Anna Bilinska (1857-1893): Anna Bilinska was born in
the Ukraine and studied in Russia, Waraw and Paris.A versatile artist, she painted portraits, landscapes as well as seascapes.Her works were
widely exhibited and in 1889 she was awarded a gold medal at the Paris Exposition Universelle.
References:
Seeing Ourselves: Women's Self-Portraits by Frances Borzello, pp.119-120.
Rosa Bonheur (1822-1899):Rosa Bonheur was born in Bordeaux.Her first teachers were her parents:her
mother, who would die before Bonheur was twelve, taught her to read, write, draw and play the piano.
Her father, Raymond Bonheur who was landscape artist of some note himself, continued her artistic
education.He was also to play a major role in shaping her feminist and radical ideas regarding
androgyny and clothing.She herself was frequently dressed in men's clothes and mantained what
John Saslow, in his article on Bonheur, termed a proto-lesbian identity. Her works are mainly of
animals. She maintained her own menagerie of animals and honed her animal anatomy skills by visiting
slaughter houses.By the age of thirty, Bonheur was already a critical success.She became the first
woman ever to win the Legion of Honor.Her spectacular works such as the Horse Fair and
Ploughing in the Ninernais were all based on life drawings.Bonheur was in many ways a
woman much ahead of her times:besides wearing pants, she cut her hair short, smoked, and rode
astride when it was considered more appropriate for womwen to ride side-saddle. At a time when most
women were financially dependent, Bonheur earned her own living and became wealthy enough to own a chateau in Fontainebleu.

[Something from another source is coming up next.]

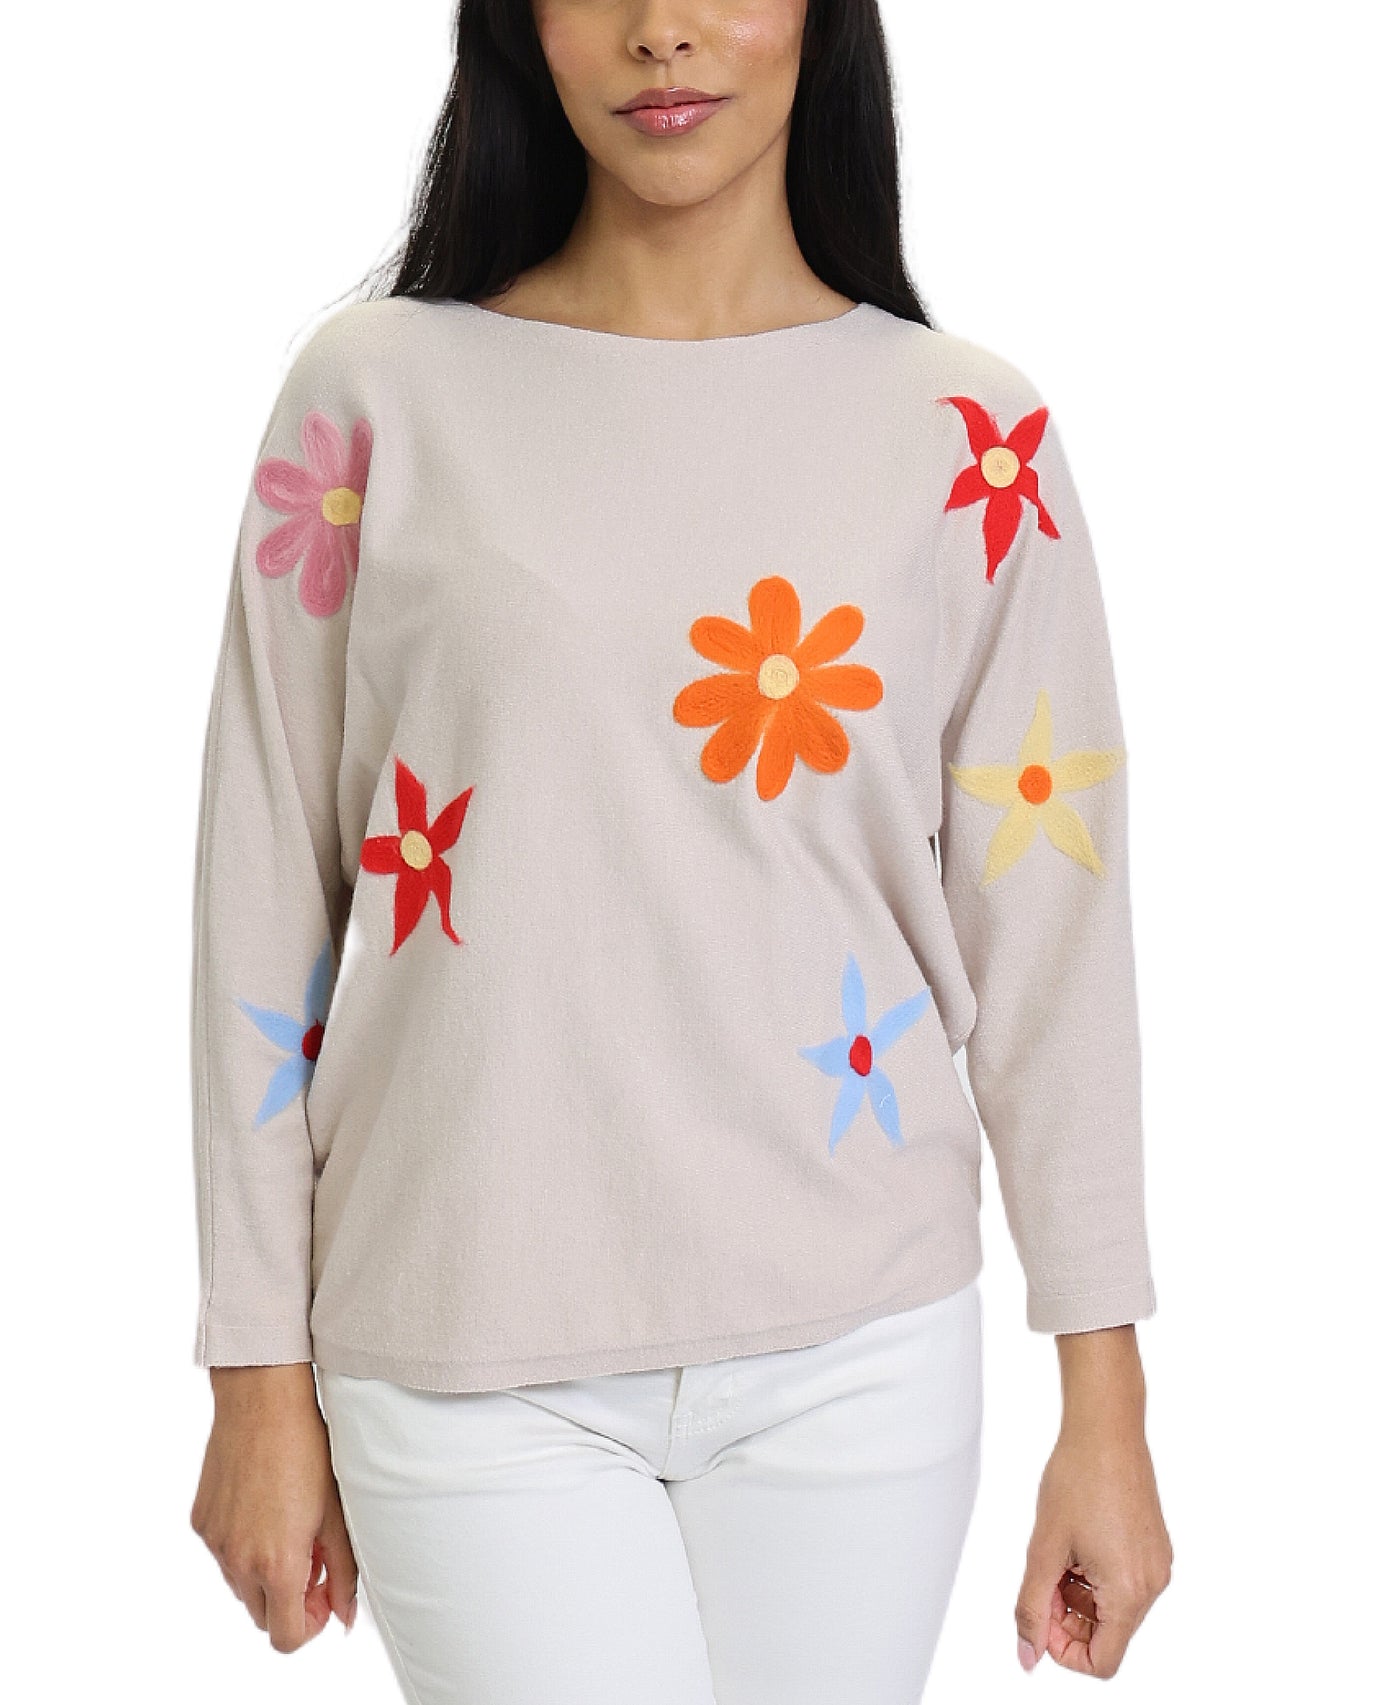 Sweater w/ Flowers image 1

Bonheuer never married but lived with two women successively. Her first live-in companion was the artist
Nathalie Micas.After Micas died in 1889, Bonheur's second
companion was the American artist Anna Klumpke who survived Bonheur.
References:
Seeing Ourselves: Women's Self-Portraits by Frances Borzello, pp.114;.
Rosa Bonheur: A Life and an Legend by Dore Ashton and Denise Browne Hare;
Women Artists: An Illustrated History by Nancy G. Heller, pp.90-91;
Rosa Bonher sa vie, son oeuvre by Anna Klumpke;
Disagreeably Hidden: Construction and Constriction of the Lesbian Body in Rosa Bonheur's Horse Fair in The Expanding Discourse: Feminism and Art History, by John Saslow, pp. 187-205.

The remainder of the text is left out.